AI-Oriented Gameplay Changes

Shared memory implementation for reinforcement learning agents. Supports external key inputs and game event monitoring. Allows a third-party application to connect to a DevilutionX instance, obtain the state of the game engine, and send key presses. Gives control over the player and game state monitoring.
Enabled line-buffered stdout (setlinebuf) for the AI agent to consume the log from the DevilutionX engine. When many DevilutionX instances are started in parallel, the log from the engine is extremely useful for identifying abnormal situations or even seeing the backtrace of a crash.
Added a headless mode option to start the game in non-windowed mode. Major mode for the AI training.
Added an option to launch the game directly into a specified dungeon level.
Enables deterministic level and player generation for reproducible training by setting a seed.
Added an option to remove all monsters from the dungeon level to ease the exploration training task.
Added an option to skip most animation ticks to accelerate training speed.
Added an option to disable monster auto-pursuit behavior when pressing a primary action button does not lead to the pursuit of a nearby monster.

Various Fixes

Fixed missing events in the main event loop when running in headless mode, which was causing the AI agent to get stuck after an event had been sent, but no reaction occurred.
Fixed access to graphics and audio objects in headless mode.

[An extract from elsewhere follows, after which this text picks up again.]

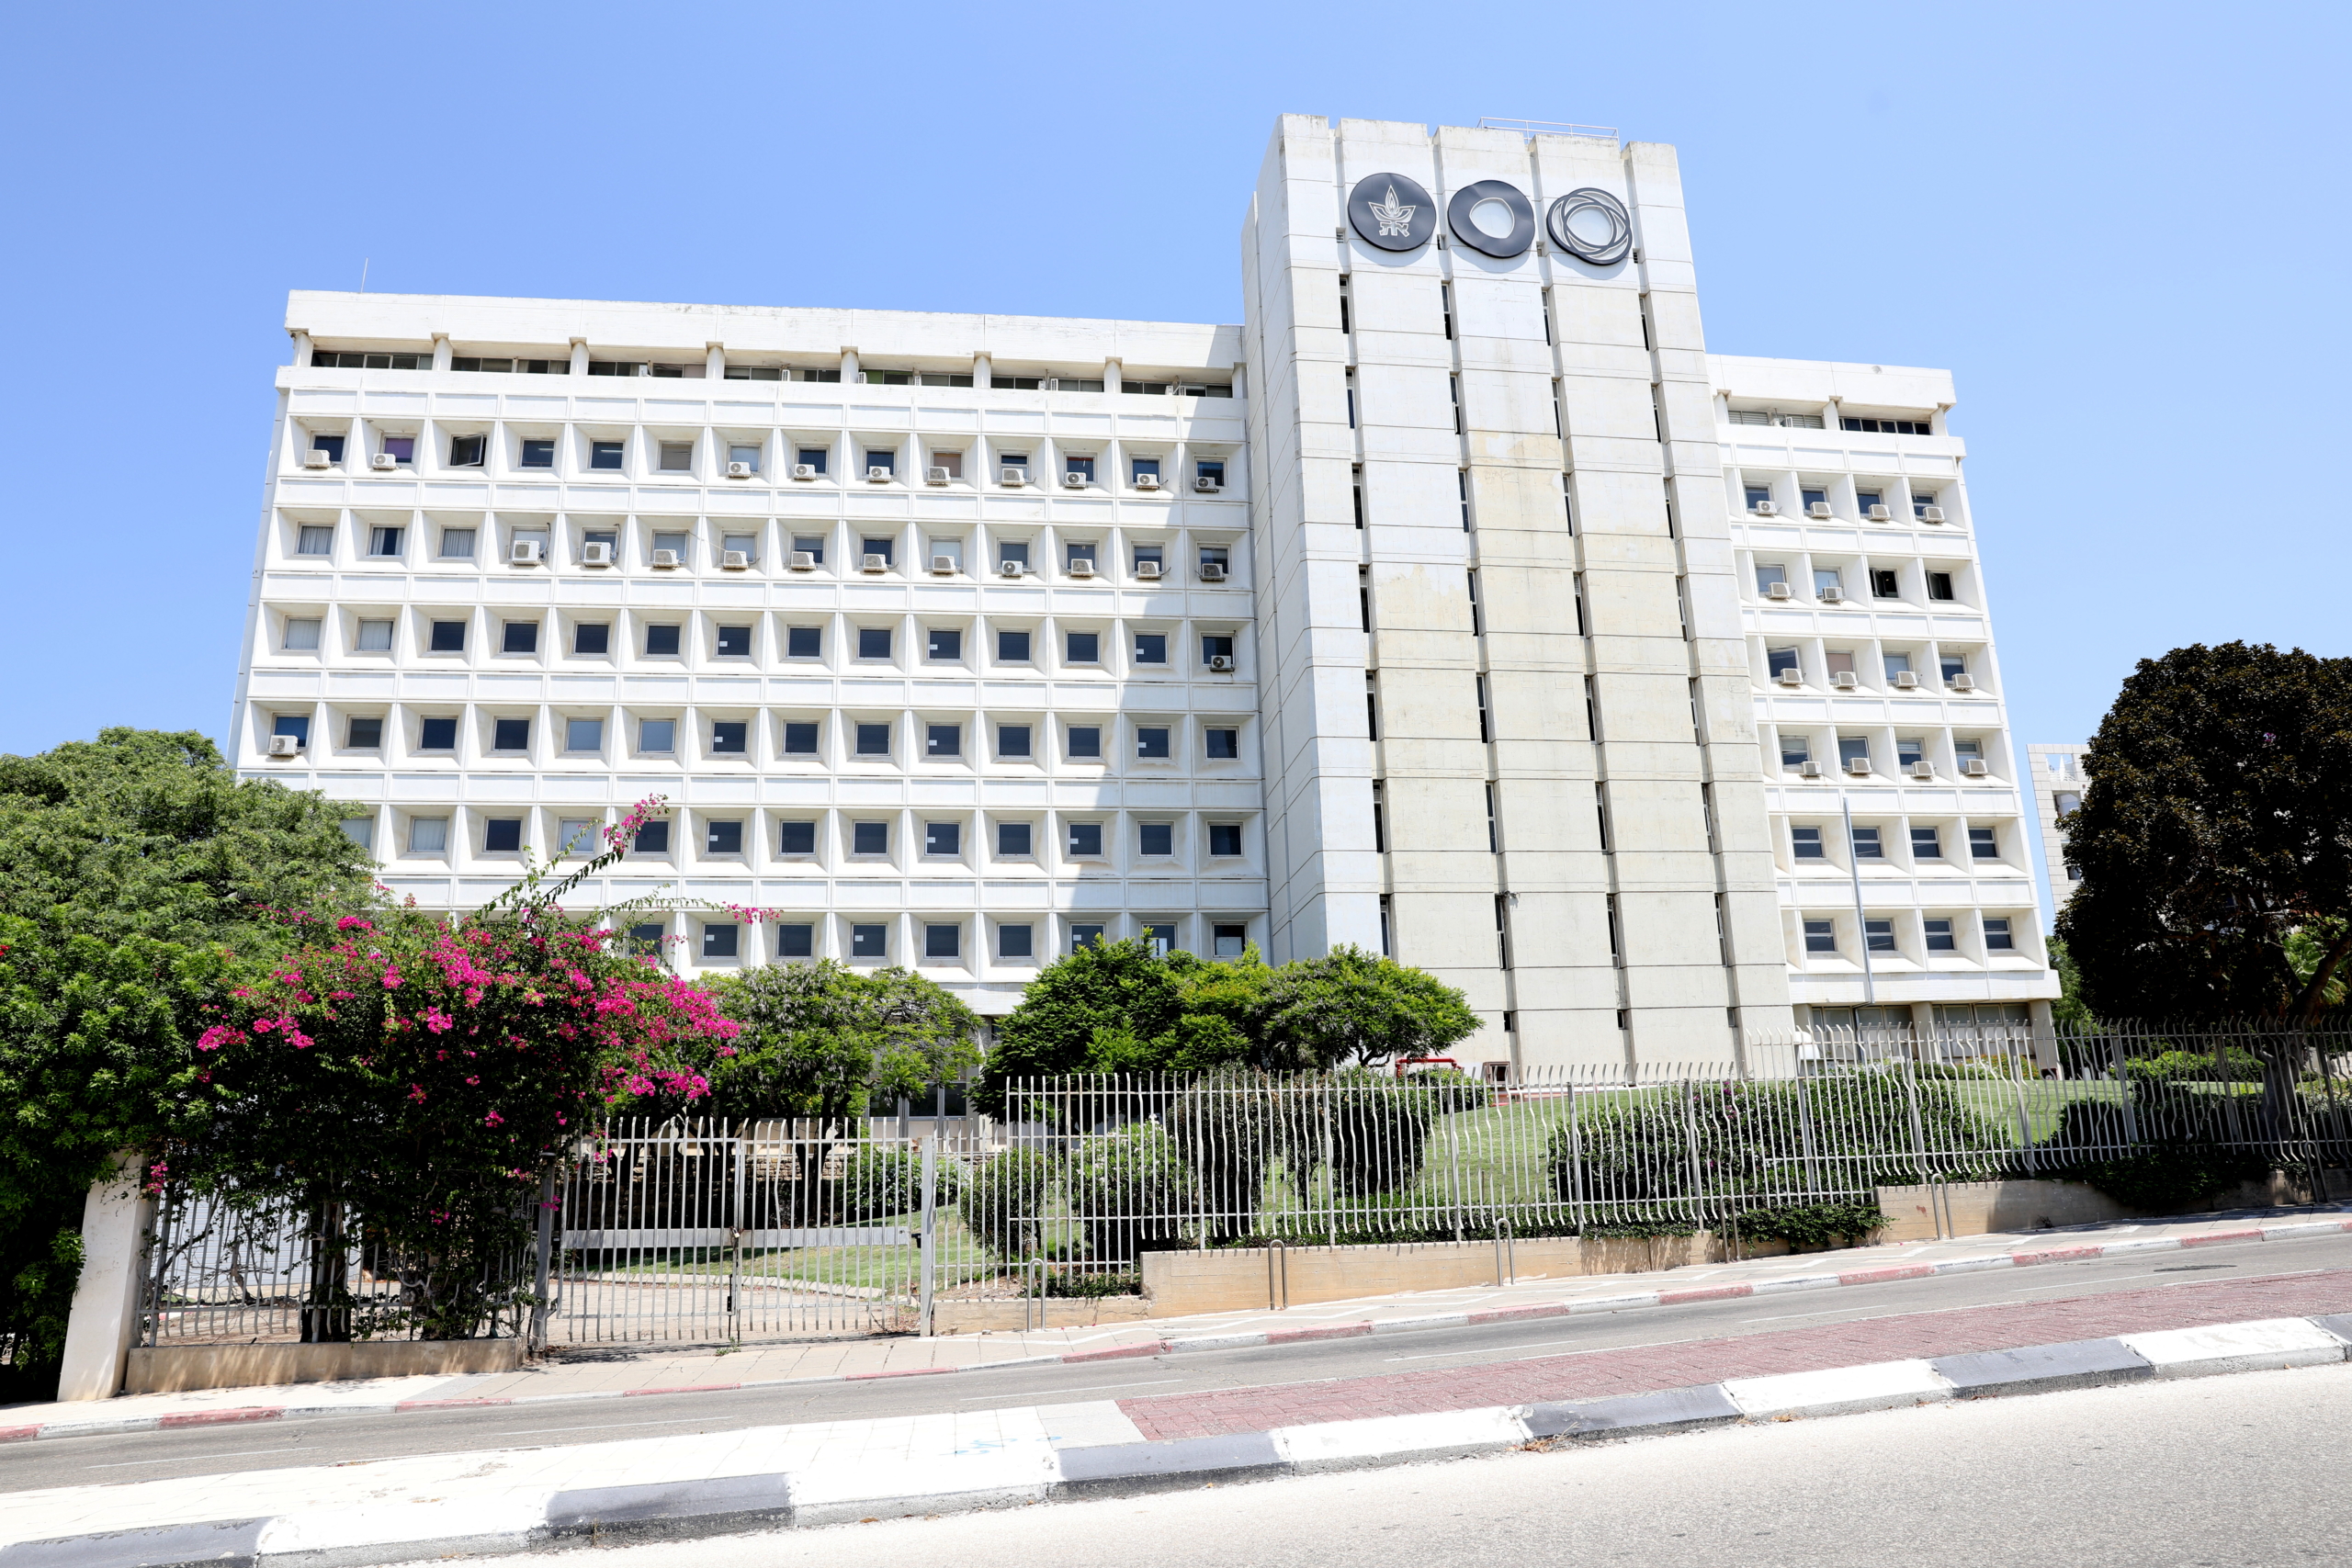 Tel Aviv University Medical Simulation Training Center Grant Featured in The Jerusalem Post
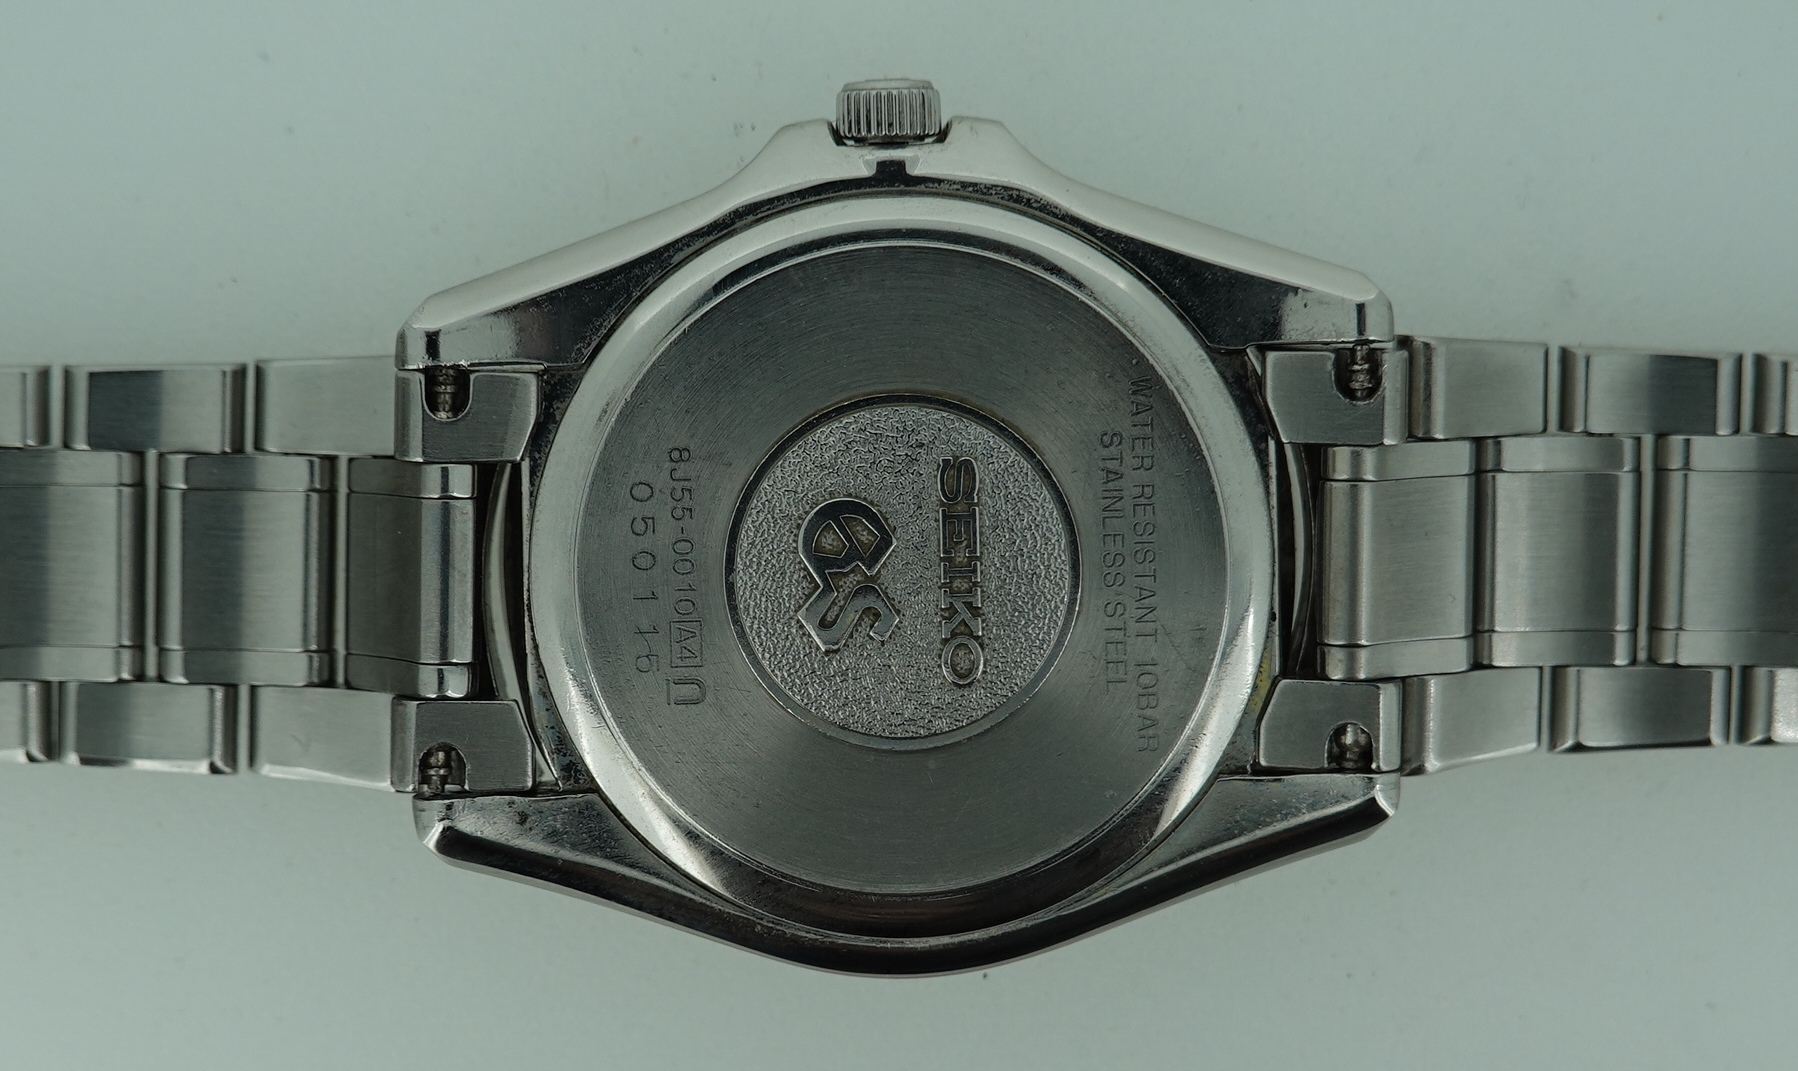 SOLD 2000 Grand Seiko 8J55-0010 - Birth Year Watches

A few bugs were causing random crashes of the DevilutionX instance.

If DevilutionX project would benefit from adding an additional directory "ai/", with all the Python scripts responsible for reinforcement learning training and evaluation of an agent, I would be happy to upstream this part as well.

AJenbo · 2025-05-04T20:25:38Z

@NiteKat competition?

AJenbo · 2025-05-04T20:39:48Z

@rouming reading though your readme i would suggest making thing work coordinates relative to the player rather then absolute to the world. That makes it a lot closer to how a player interacts with the game. I'm also not sure why you expose the fully world at all time rater then just the currently visible tiles?

AJenbo · 2025-05-04T22:39:18Z

By the way do you know about --timedemo which disables frame limitation and only runs game ticks? Might be useful for speeding up training.

glebm · 2025-05-05T07:56:48Z

Source/utils/mapping.cpp

+struct entry_ptr;
+static struct entry_ptr *tail_entry;
+
+struct entry_ptr {


How is this meant to be used? AFAICT, it's a bunch of pointers in a memory-mapped file.

Is this to allow another application to get/set the values directly?

Why is this file memory-mapped? The things that are being pointed to don't change their address during execution.

Not quite. We place all static objects of interest in the ".shared" [section] (https://gcc.gnu.org/onlinedocs/gcc/Common-Variable-Attributes.html#index-section-variable-attribute). Everything else is handled by the linker. All we need to ensure is that all objects are properly aligned in the shared file and that there are no gaps between them. This is the only purpose of the entry_ptr structure: every static object is registered by a pointer in a singly linked list, allowing us to traverse all the registered static objects (these pointers) during early start and check that there are no gaps (padding) in between, which is the only purpose of the verify_no_padding() function.

When everything is settled and no new objects are planned for addition, the entry_ptr and verify_no_padding() function can be safely dropped. I use this verification to catch alignment bugs: when new object has added, then you access it from a python script and see some garbage, because the object was placed with 4 bytes padding.

Answering your questions:

No, 3rd party application does not modify anything, always reads. The only exception is the ring buffer, then 3rd party app advances the write index. But this is not related to your question.

Well, I assume the question would not make sense after you read the description above.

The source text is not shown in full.